Nearly 95 percent of the city’s doctors have fled, been killed or detained, with only 35 doctors left in the eastern side of the city.
“The ratio right now of doctor to patient is 1 to 11,400,” said Adham Sahloul, advocacy officer at the Syrian American Medical Society (SAMS), a nongovernmental organization providing medical aid in Syria.
Medical supplies, as well as food and fuel, are critically low in the besieged parts of Aleppo, with the U.N. aid chief Stephen O’Brien warning that food in Aleppo will run out by mid-August. Russia announced it would open humanitarian exit corridors on July 28 to allow civilians and surrendered fighters to leave eastern Aleppo. However, the U.N. has suggested they should run the corridors instead, and have called for a 48-hour truce to allow people to leave safely.

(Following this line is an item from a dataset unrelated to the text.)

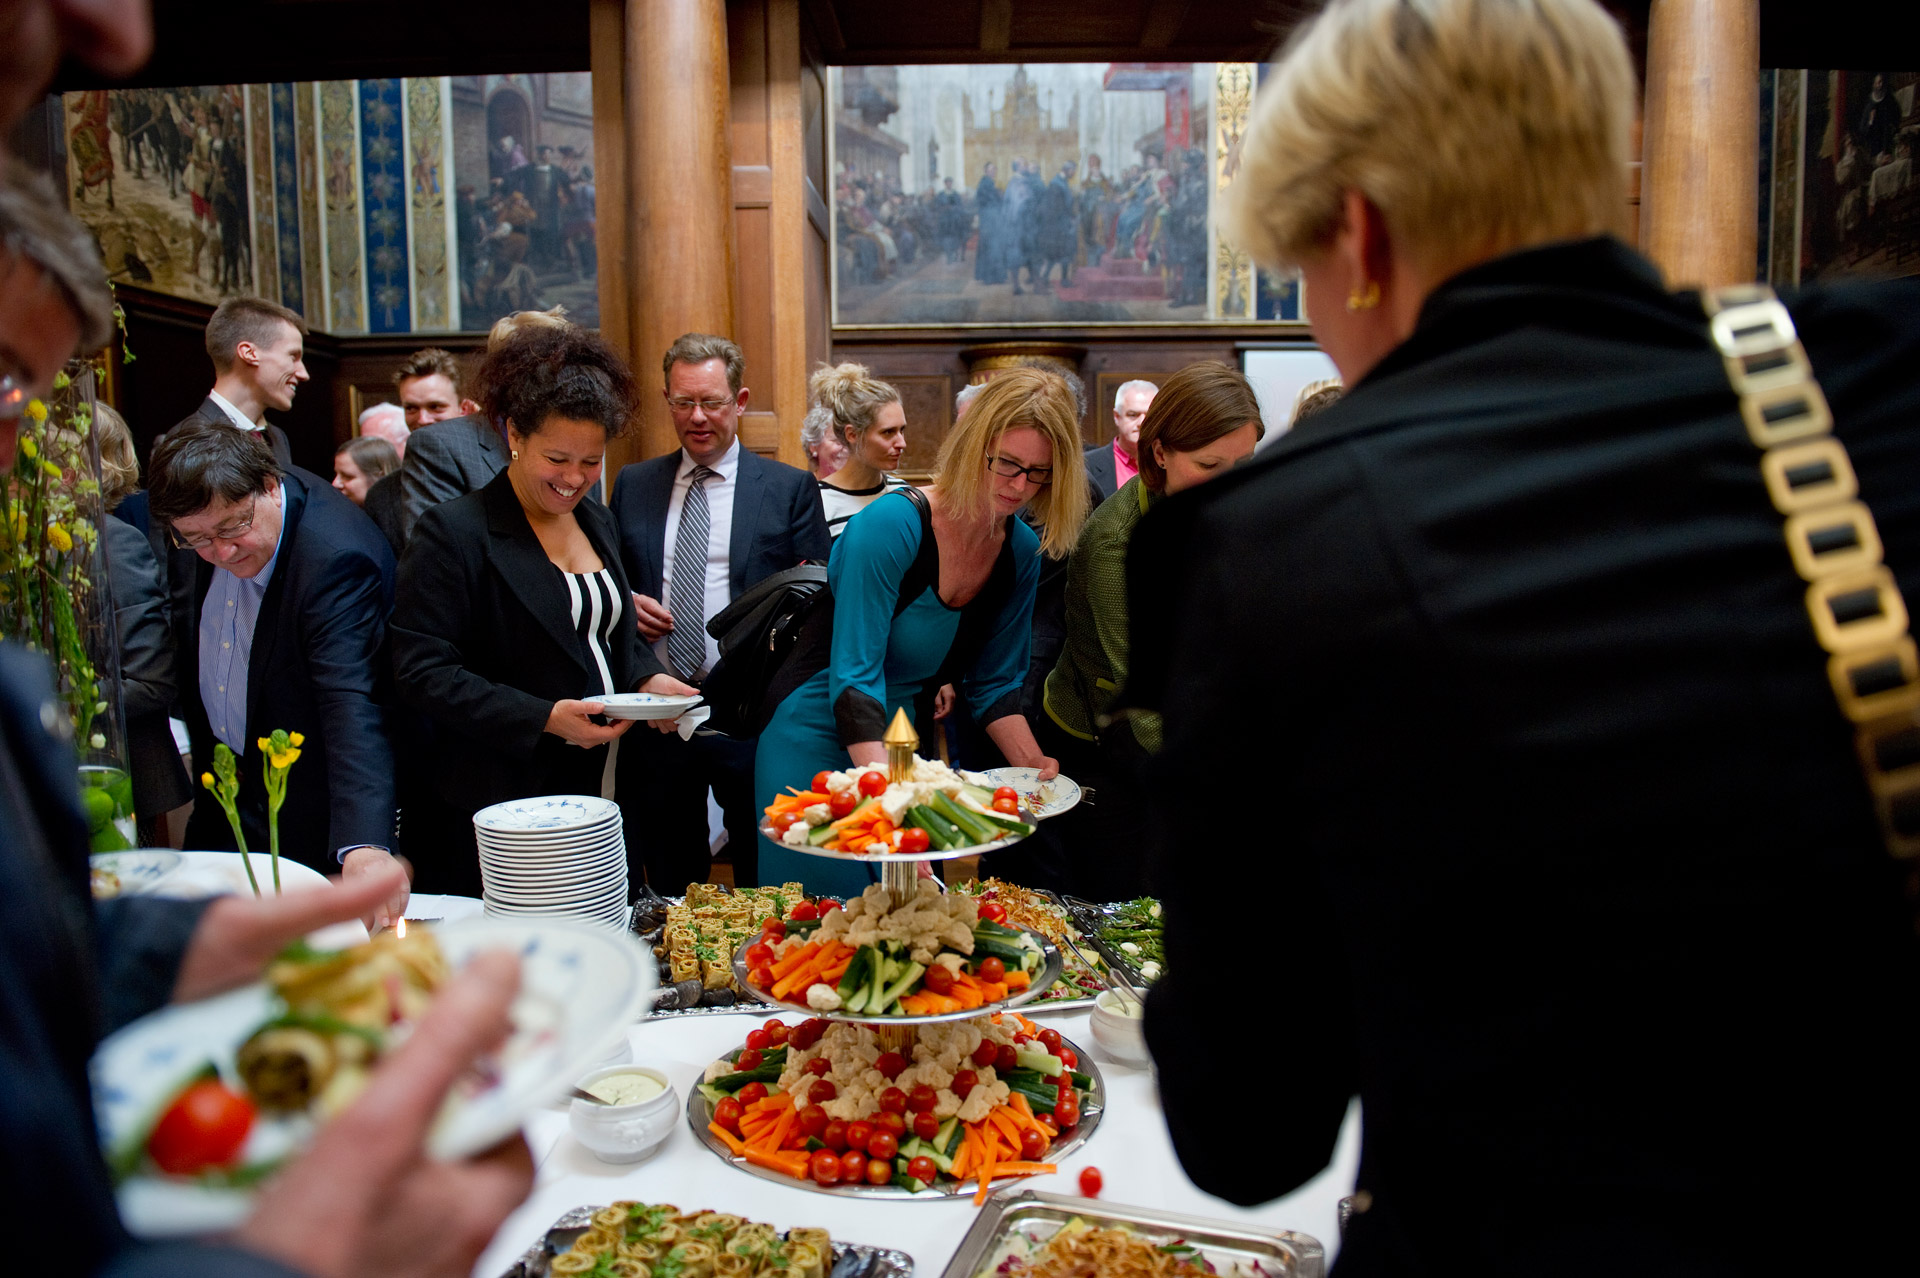 people at the buffet at a Kierkegaard Symposium in Copenhagen University

Not everyone wants to leave, however. Shamy said residents like herself do not trust the Syrian government or their Russian allies, adding that only a couple of hundred of eastern Aleppo’s residents have used the corridors so far. Human Rights Watch released a statement saying the corridors cannot be used to justify attacks on civilians who remain in besieged Aleppo.
— The New Arab (@The_NewArab) August 1, 2016
“Many civilians may be unable or afraid to leave, and those who don’t or can’t evacuate remain entitled to protection from attack,” said Nadim Houry, deputy Middle East director of Human Rights Watch (HRW).
Fearing the worst, shops in besieged Aleppo are rationing what they still have, said Shamy. Families are not allowed to buy more than 2.2lbs (1kg) of each basic supply in an effort to stretch their resources as long as possible. Getting more aid will not solve the problem either, Sahloul, the SAMS official, said.
“It still does not alleviate the structural issues,” said Sahloul, pointing out that Russian airstrikes hit a warehouse containing emergency food supplies last month. “The skies are not safe.”